“Quiero denunciar una violación”, es la frase inaugural que John Ridley lanza a un fondo negro en la segunda temporada de American Crime. Es un gancho malsano este principio, un anzuelo eficaz y doloroso. Ridley tiene mucho talento y también un puntito sádico, te atrapa y te maltrata. American Crime, dice, como si el descalabro social que retrata fuera patrimonio yanqui y no un fracaso global, como si en cada secuencia no tragáramos saliva reconociendo que en todos lados cuecen habas. Las dos entregas de su serie, con argumentos autónomos y aislados, son sendas patadas en el estómago. En la primera temporada tenías la opción de escabullirte; en esta segunda, nos obliga a mirar, nos agarra por el cogote para someternos a esos interminables primeros planos, los ojos desconcertados de Taylor, la rabia de Eric. ¿Te duele? Pues te aguantas, parece decirnos. Mira, piensa, siéntete mal.
¿Por qué algunos adolescentes se independizan de sus padres? Por su bien, es la conclusión que podemos sacar después de haber visto esta historia desoladora, una tragedia en forma de bola de nieve que arrolla a un grupo de jóvenes de Indianápolis, jóvenes irresponsables, que, sin embargo, resolverían sus conflictos de manera mucho más sencilla si los adultos que les supervisan no se empeñaran en complicarlo todo.
La historia da vueltas como un hámster en una rueda, tratando de averiguar qué sucedió en una fiesta, una de ésas con bien de alcohol y bien de hormonas, en la que un chico sufre una agresión sexual. La verdad no importa, sólo las consecuencias, que se van descontrolando como una hidra iracunda.
¿Cómo que le han violado? Pero, si es un chico, un varón, a los chicos no se les puede violar. Nadie cree a Taylor, le sacan fotos, las postean, le humillan, mira qué pedo llevaba, qué tío cutre, el advenedizo, el becado de la escuela pija, bah, seguro que lo que quiere es llamar la atención. Lo peor, sin embargo, arranca cuando su madre trata de compensar negligencias pasadas ignorando su deseo de olvidar el asunto, de pasar página. "Yo sé lo que es mejor para ti, hazme caso". Esto es sólo la trama del primer episodio. Todos los progenitores en American Crime defienden a sus crías de manera irracional, algunos con una torpeza dolorosa, y eso será lo que acabe por condenarles.
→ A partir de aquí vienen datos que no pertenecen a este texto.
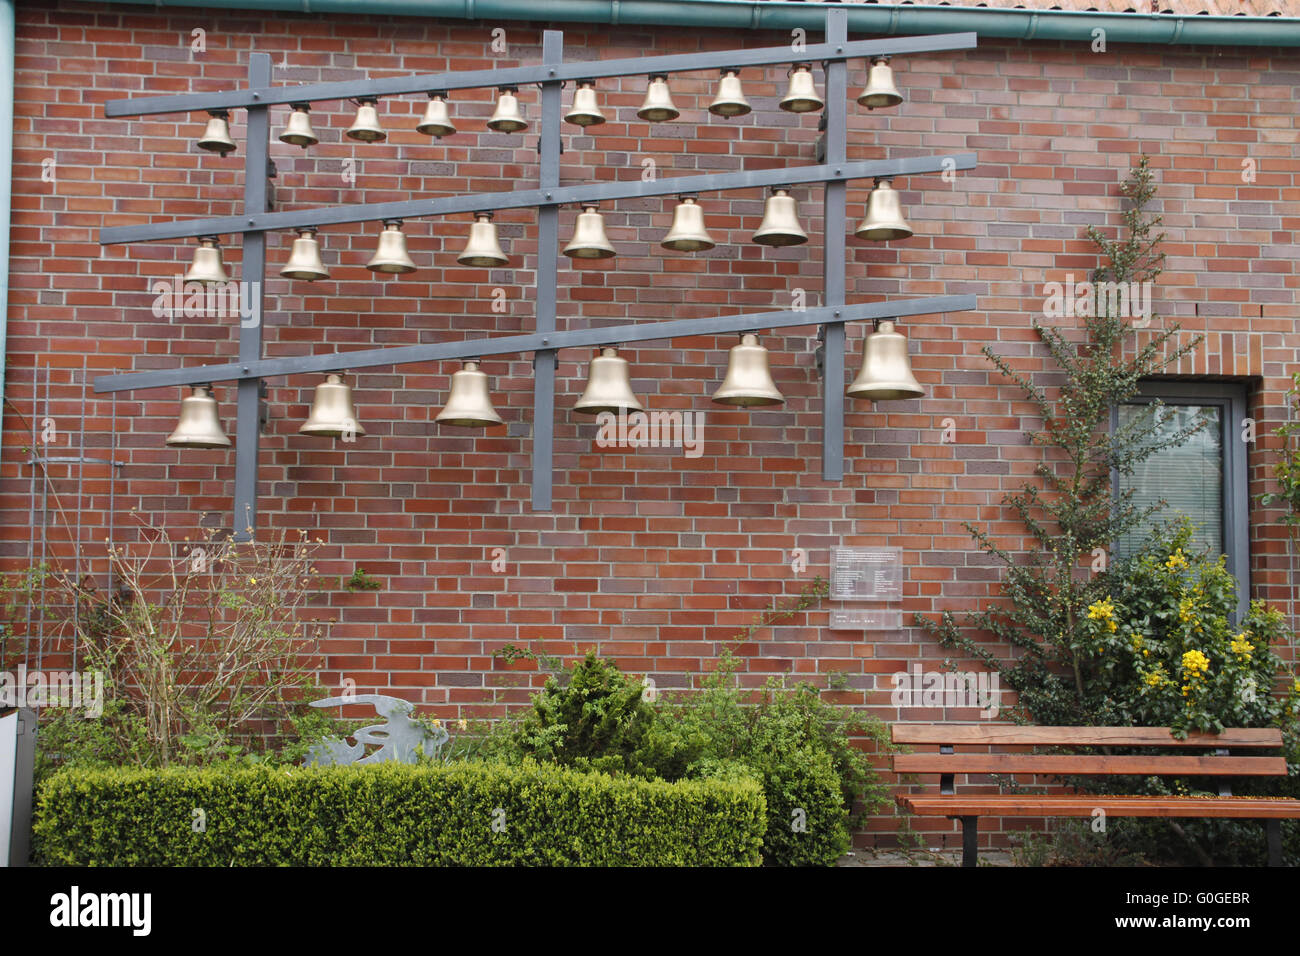 chime of bells, Buxtehude, Germany Stock Photo

Esta serie hay que verla como los propios personajes, a la defensiva, sin elegir equipo. Tampoco fuera del hogar hay salvación. La crueldad corporativa de la directora del colegio, el egoísmo de las familias ejemplares, la pachorra del entrenador de baloncesto, la gestión torpe de las ayudas para la integración racial, el afán de notoriedad de los piratas informáticos, estos son los rasgos distintivos de los próceres de la comunidad que retrata American Crime; ésta es la gente que debe servir de guía a unos críos confundidos, desorientados, incapaces de asimilar lo que les está pasando.
Pocos meses o una metedura de pata es lo que les separa de la edad adulta. Un día están jugando a la pelota y el siguiente, esposados en comisaría. Dan ganas de reunirlos a todos en el patio de la escuela y aconsejarles que salgan por patas. Corred, dad rienda suelta a vuestra inmadurez tribal, a vuestra brutalidad primitiva, resolvedlo por las bravas porque ninguno de estos inútiles que os supervisa está preparado para daros las respuestas necesarias.